IMP logo
IMP Reference Guide  develop.50fdd7fa33,2025/09/03
The Integrative Modeling Platform
IMP::emseqfinder Namespace Reference

Assignment of sequence to backbone fragments traced in a cryo-EM map. More...

Detailed Description

Assignment of sequence to backbone fragments traced in a cryo-EM map.
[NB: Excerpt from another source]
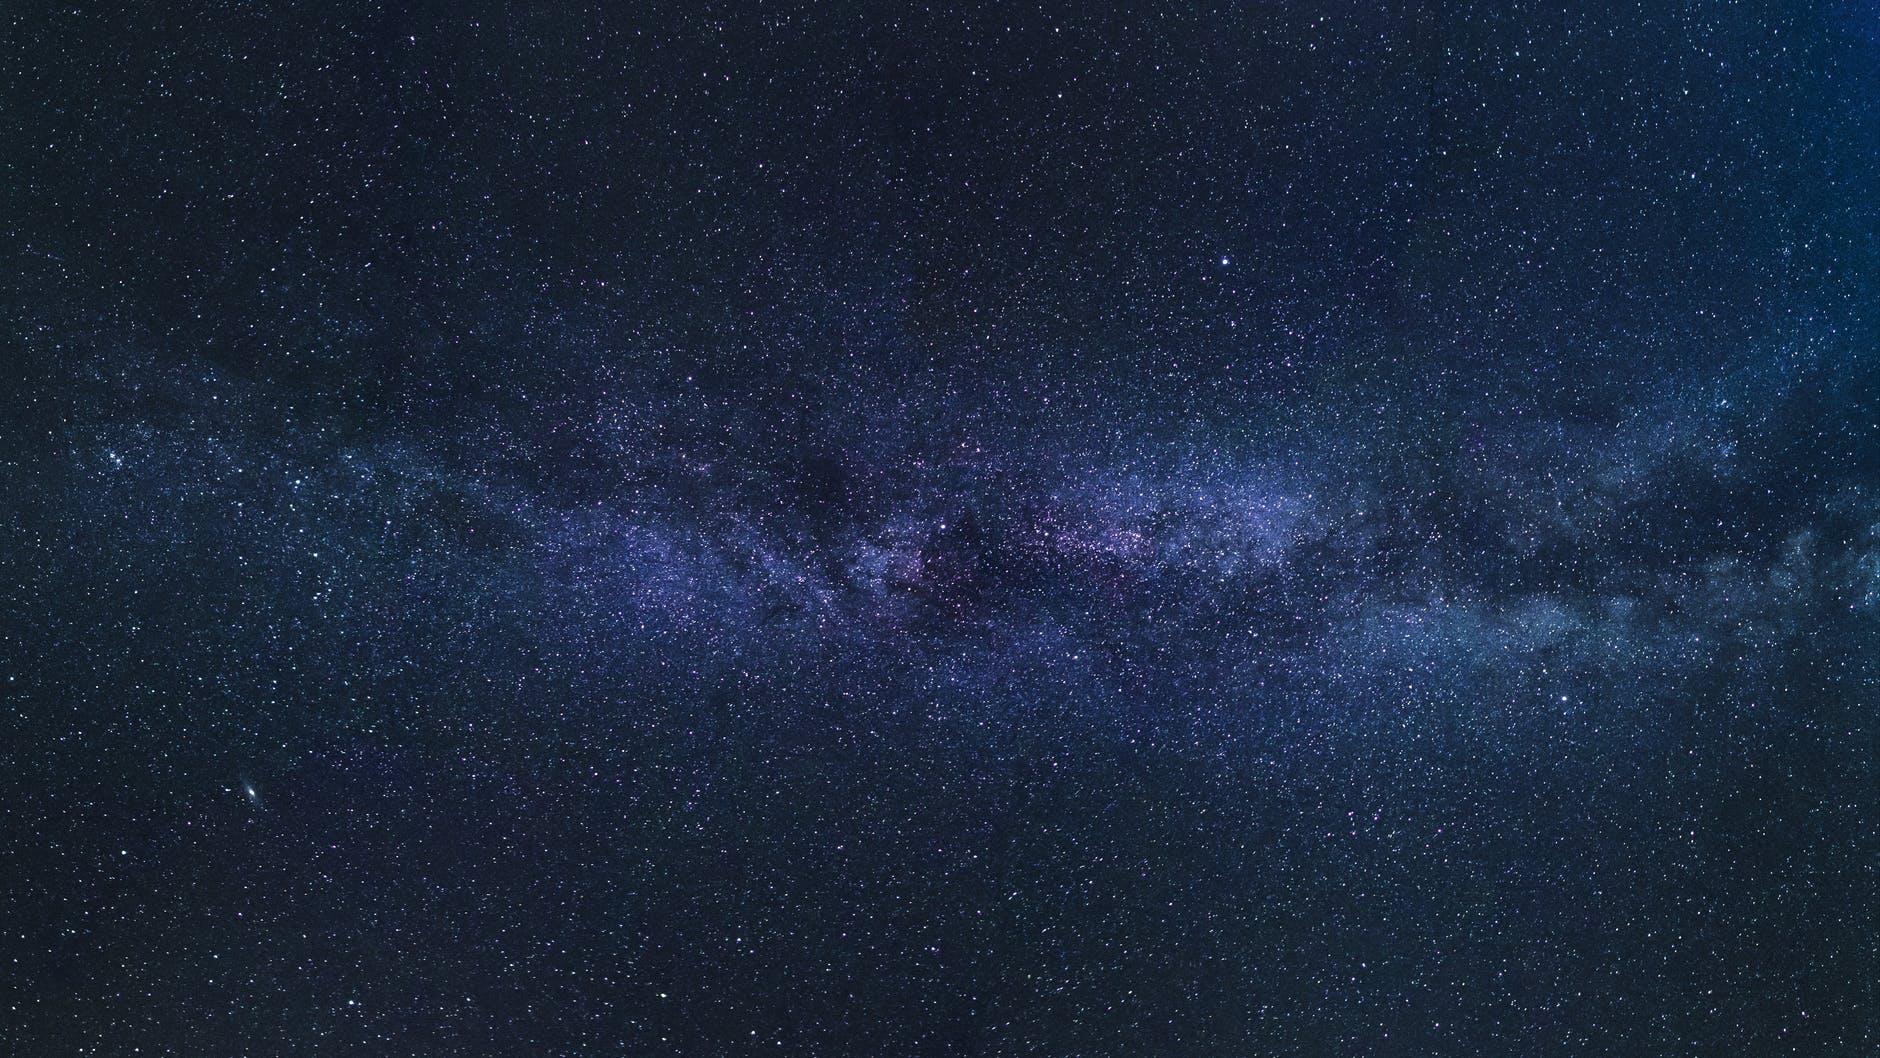 blue and purple cosmic sky

EMSequenceFinder is a method for assigning amino acid residue sequence to backbone fragments traced in an input cryo-electron microscopy (cryo-EM) map. EMSequenceFinder relies on a Bayesian scoring function for ranking 20 standard amino acid residue types at a given backbone position, based on the fit to a density map, map resolution, and secondary structure propensity. The fit to a density is quantified by a convolutional neural network that was trained on 5.56 million amino acid residue densities extracted from cryo-EM maps at 3–10 Å resolution and corresponding atomic structure models deposited in the Electron Microscopy Data Bank (EMDB). For more information, see Mondal et al, 2025.

Dependencies:

In addition to IMP's own dependencies, EMSequenceFinder also requires

  • The STRIDE command line tool for secondary structure prediction
  • The mrcfile, scipy, scikit-learn, statsmodels, pandas, and tensorflow Python packages

One way to get these dependencies is via conda-forge. In order for TensorFlow prediction to work correctly on GPUs with libdevice, you may have to run export XLA_FLAGS=--xla_gpu_cuda_data_dir=$CONDA_PREFIX

emseqfinder: command line tool to run emseqfinder protocol

The protocol is typically run using the emseqfinder command line tool in the following fashion:

  1. Add input files. Create directories pdb_files, cryoem_maps and fasta_files containing input files in .pdb, .map and .fasta format respectively. Name all three files for a given run with the same stem (e.g. EMD-8637.pdb, EMD-8637.map, EMD-8637.fasta).
  2. Run the pipeline with emseqfinder batch.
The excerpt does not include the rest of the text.